Thu Aug 29, 2013 11:39 am

Posts: 850
Location: Jaipur, India

Proving Identities of Special Functions

### Re: Proving identities of special functions

Thu Aug 29, 2013 11:42 am

Posts: 850
Location: Jaipur, India

Here we go!

Problem 1

Show that

$\displaystyle \text{Li}_2 \left(\frac{1}{3} \right)-\frac{1}{6}\text{Li}_2 \left(\frac{1}{9} \right)=\frac{\pi^2}{18}-\frac{\log^3 3}{6}$

### Re: Proving identities of special functions

Thu Aug 29, 2013 9:12 pm
Random Variable Integration Guru

Posts: 381
We will need two functional equations of the dilogarithm.

$\displaystyle \text{Li}_{2}(x) + \text{Li}_{2}(-x) = \frac{1}{2} \text{Li}_{2}(x^{2})$ (1)

$\displaystyle \text{Li}_{2}(1-x) + \text{Li}_{2} (1-x^{-1}) = - \frac{1}{2} \ln^{2}(x)$ (2)

$\displaystyle \text{Li}_2 \left(\frac{1}{3} \right)-\frac{1}{6}\text{Li}_2 \left(\frac{1}{9} \right) = \text{Li}_{2} \left(\frac{1}{3} \right) - \frac{1}{6} \Big[ 2 \text{Li}_2 \left(\frac{1}{3} \right) + 2 \text{Li}_2 \left(-\frac{1}{3} \right) \Big]$ (1)

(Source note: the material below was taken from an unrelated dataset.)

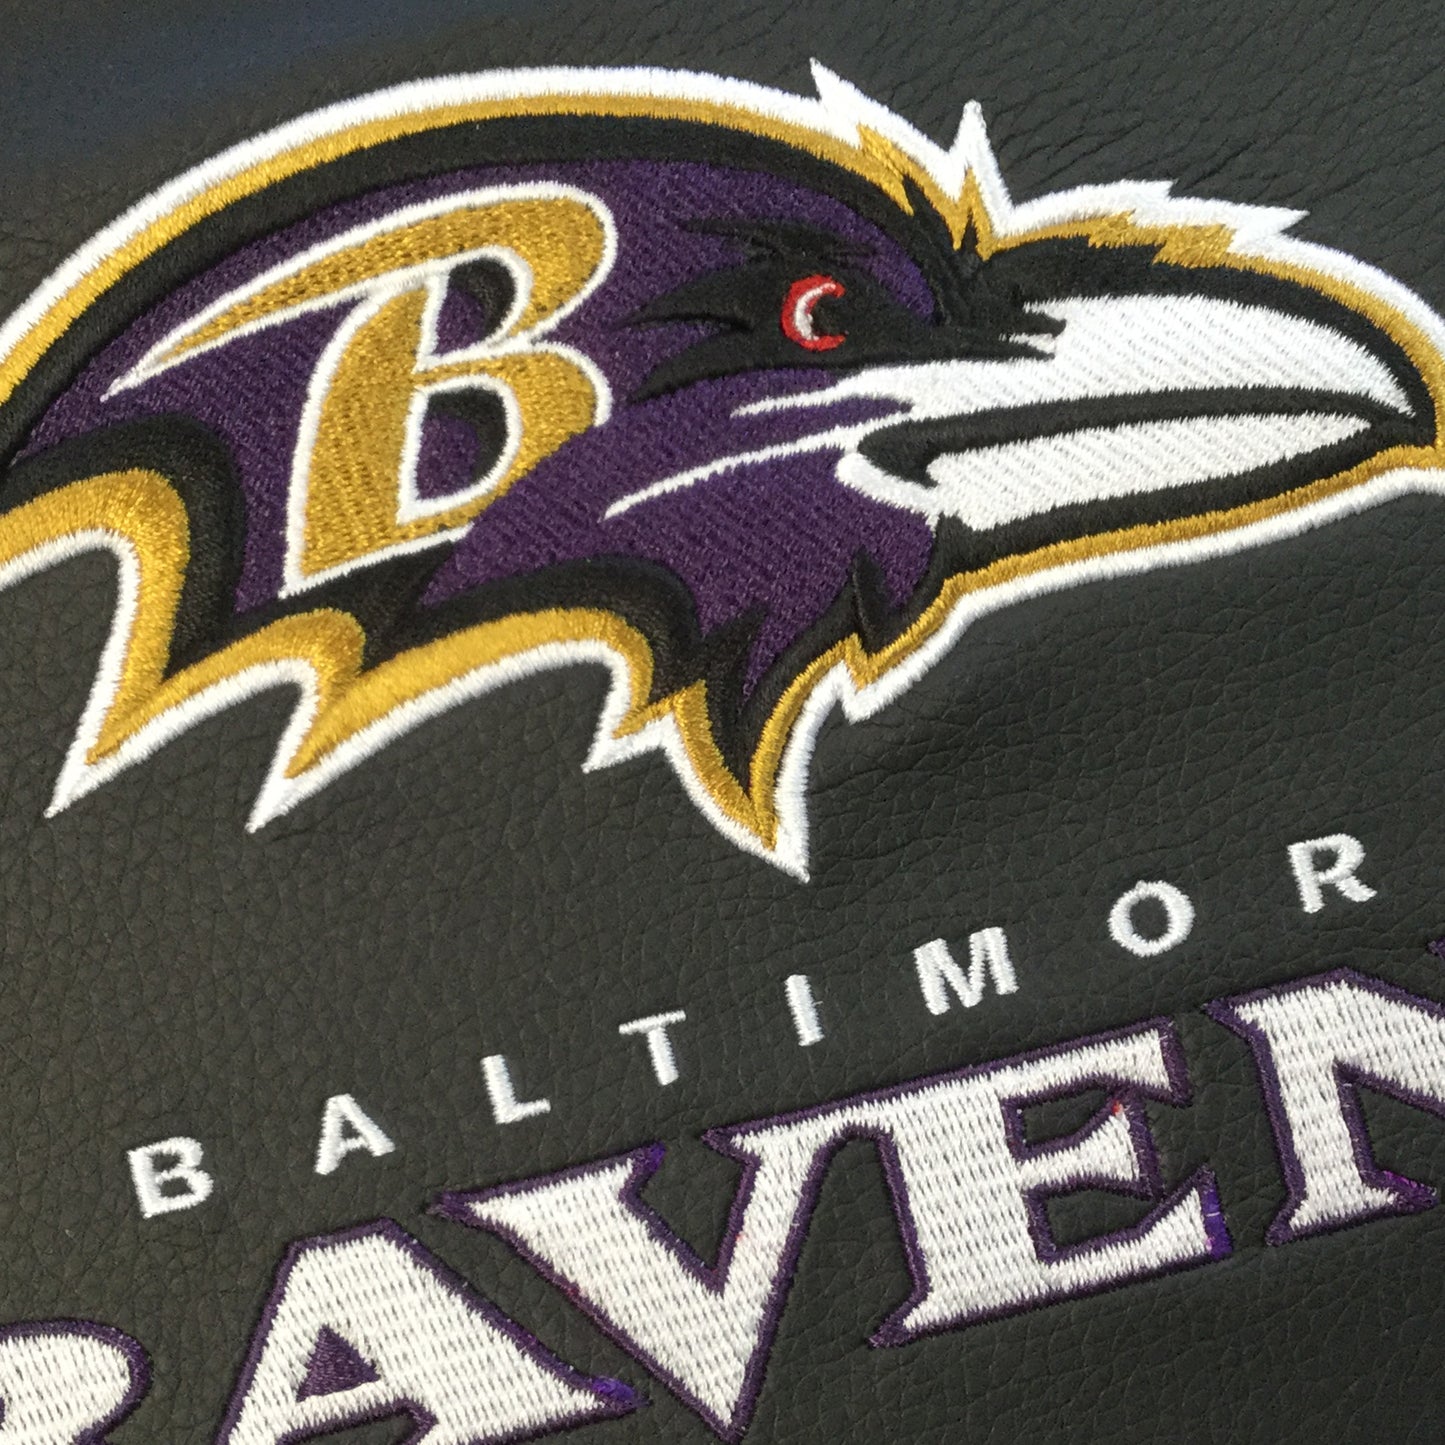 Xpression Pro Gaming Chair with Baltimore Ravens Secondary Logo

$\displaystyle = \frac{2}{3} \text{Li}_2 \left(\frac{1}{3} \right) - \frac{1}{3} \text{Li}_2 \left(-\frac{1}{3} \right)$

$\displaystyle = \frac{2}{3} \text{Li}_2 \left(\frac{1}{3} \right) - \frac{1}{3} \Big[ -\text{Li}_2 \left(1-\frac{3}{4} \right) - \frac{1}{2} \ln^{2} \left(\frac{4}{3} \right) \Big]$ (2)

$\displaystyle = \frac{2}{3} \text{Li}_2 \left(\frac{1}{3} \right) + \frac{1}{6} \ln^{2} \left(\frac{4}{3} \right) + \frac{1}{3} \text{Li}_2 \left( \frac{1}{4} \right)$

$\displaystyle = \frac{2}{3} \text{Li}_2 \left(\frac{1}{3} \right) + \frac{1}{6} \ln^{2} \left(\frac{4}{3} \right) + \frac{1}{3} \Big[ 2\text{Li}_2 \left(\frac{1}{2} \right) + 2 \text{Li}_2 \left(-\frac{1}{2} \right) \Big]$ (1)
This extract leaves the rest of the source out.